Aceh Singkil kompas1.id –
Diduga raib, masyarakat Desa Tanjung Mas, kecamatan Simpang Kanan, Aceh Singkil, mempertanyakan dana ketahanan pangan 2024 hingga 2025, sebesar Rp. 293 juta.
”Kami boleh dong curiga, pasalnya sepengetahuan kami dana ketahanan pangan selama 2 tahun tidak jelas rimbanya semasa kepemimpinan kepala desa lama. Itu untuk kesejahteraan rakyat, mestinya dikelola baik, ” kata salah seorang setempat, Kamis, 21 Mei 2026,yang enggan dituliskan namanya.
Seharusnya, kata warga guliran dana ketahanan pangan tersebut untuk memutar ekonomi ditengah masyarakat desa. “Biasanya dana penyertaan modal kepihak ke-Tiga tersebut dikelola BUMDes, anehnya koq tanpa kegiatan, ”

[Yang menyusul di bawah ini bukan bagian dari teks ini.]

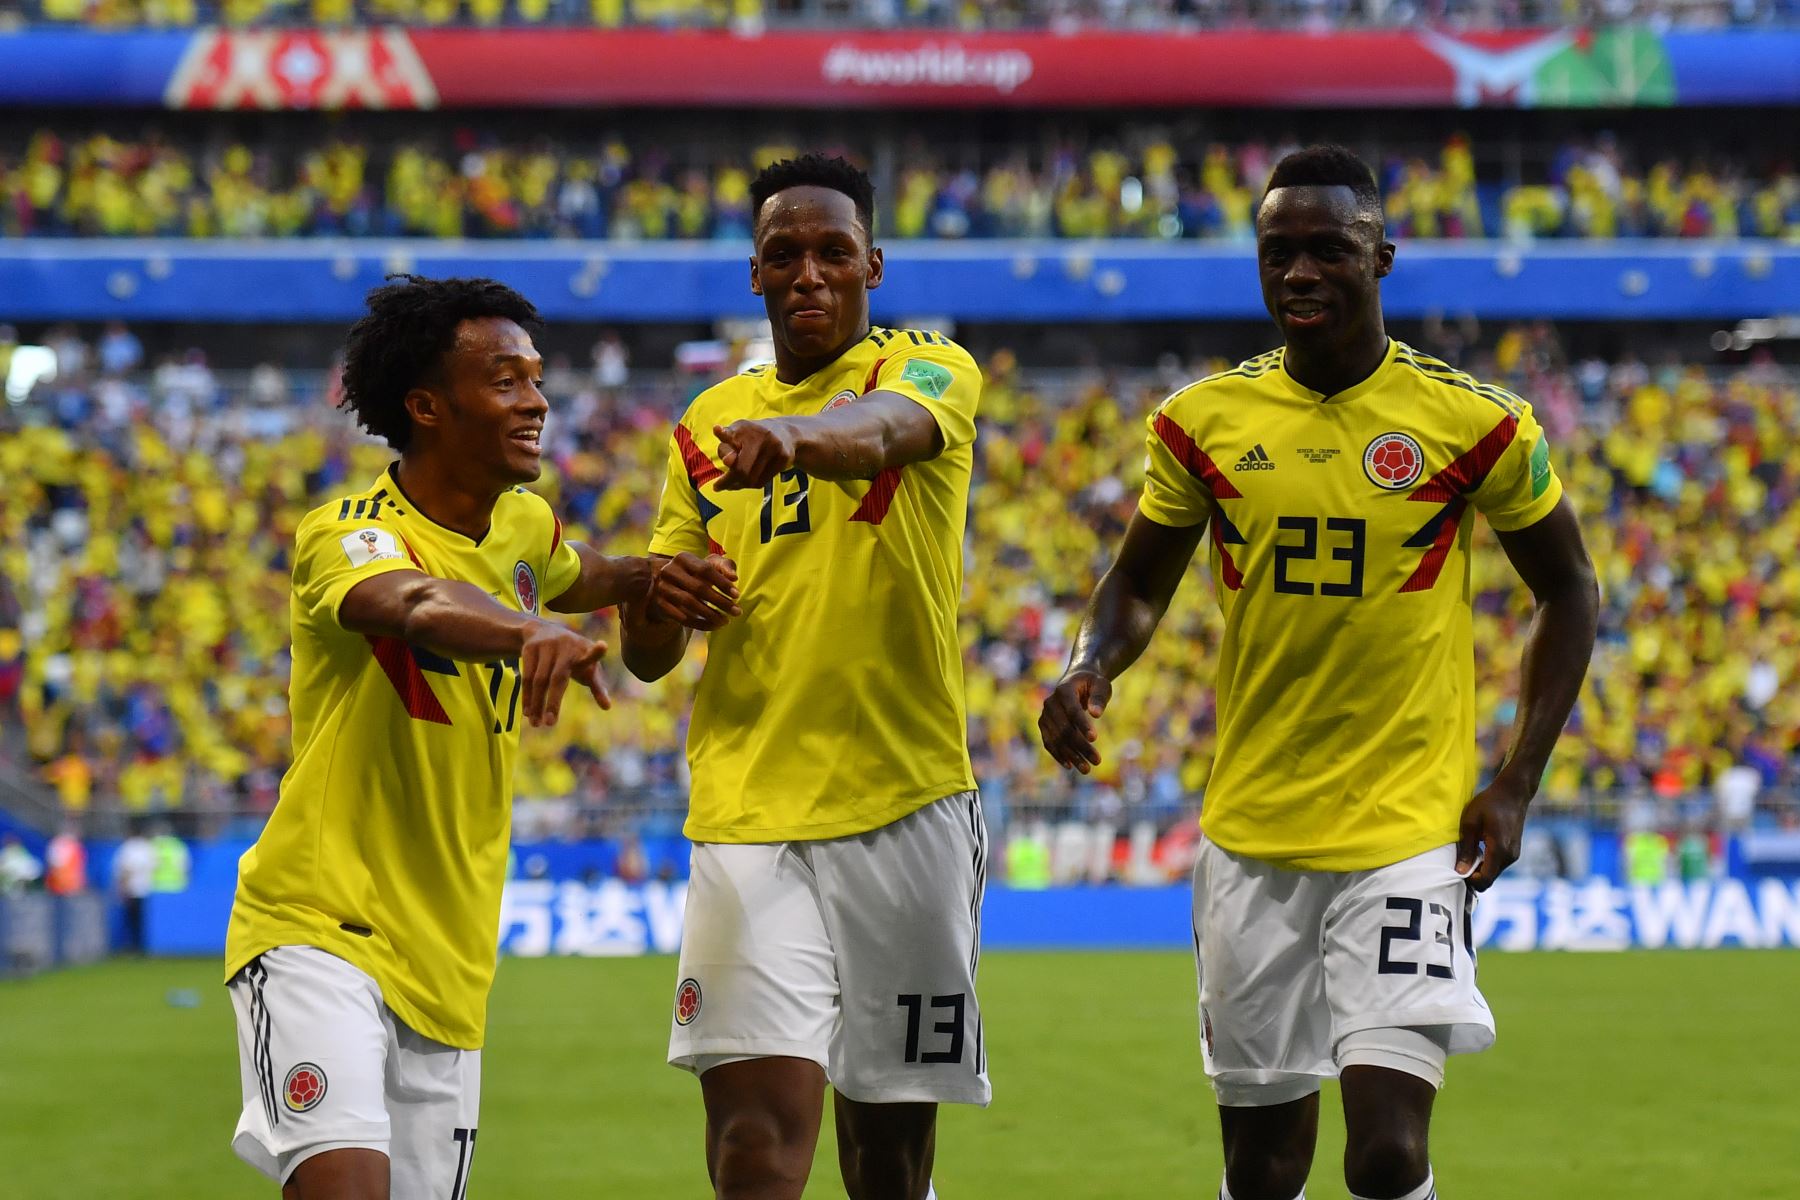 El defensor colombiano Yerry Mina (C) celebra con sus compañeros después de anotar un gol durante el partido de fútbol Rusia 2018 Grupo H de fútbol entre Senegal y Colombia en el Samara Arena en Samara el 28 de junio de 2018. / AFP

”Selain itu, kami juga mempertanyakan dana pemasangan paving blok yang diperuntukkan ke masjid sebesar Rp 25 juta, yang terindikasi fiktif pelaksanaan. Kemana juga raibnya dana itu, ” tanya mereka.

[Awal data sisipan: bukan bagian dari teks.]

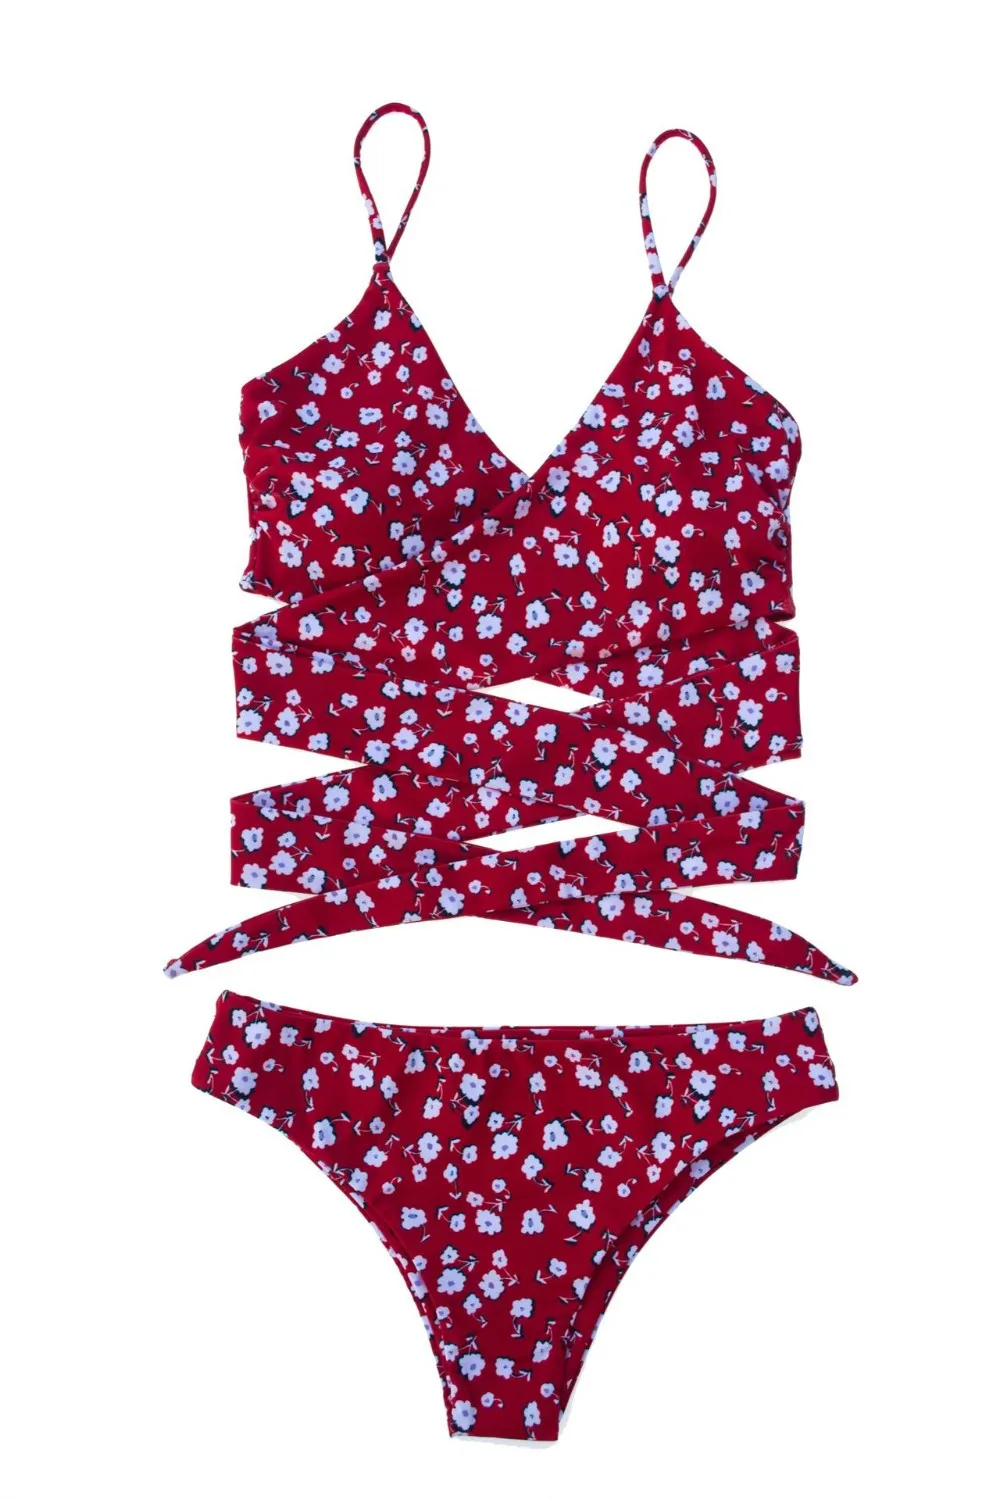 Recycled Fabrics Wholesale Maternity Womens Bikini Plus Size Swimwear ...

”Kami mengaku salut, sampai-sampai dana paving blok masjid pun berani diaktifkan pengadaannya, luar biasa. Itu rumah ibadah lho, ”
Hal lain yang cukup mengganjal ucap warga, ialah tidak terealisasikan hingga 100 persen TPU (Tempat Pemakaman Umum). “Semua itu merupakan urusan wajib masyarakat, ” ucap warga kesal.
Mereka minta pihak APH, mulai kejaksaan sampai Kepolisian turun langsung mengaudit penggunaan uang rakyat yang terindikasi diselewengkan, “Polisi dan Jaksa harus datang mengaudit dana desa masa kades lama, ” ungkapnya.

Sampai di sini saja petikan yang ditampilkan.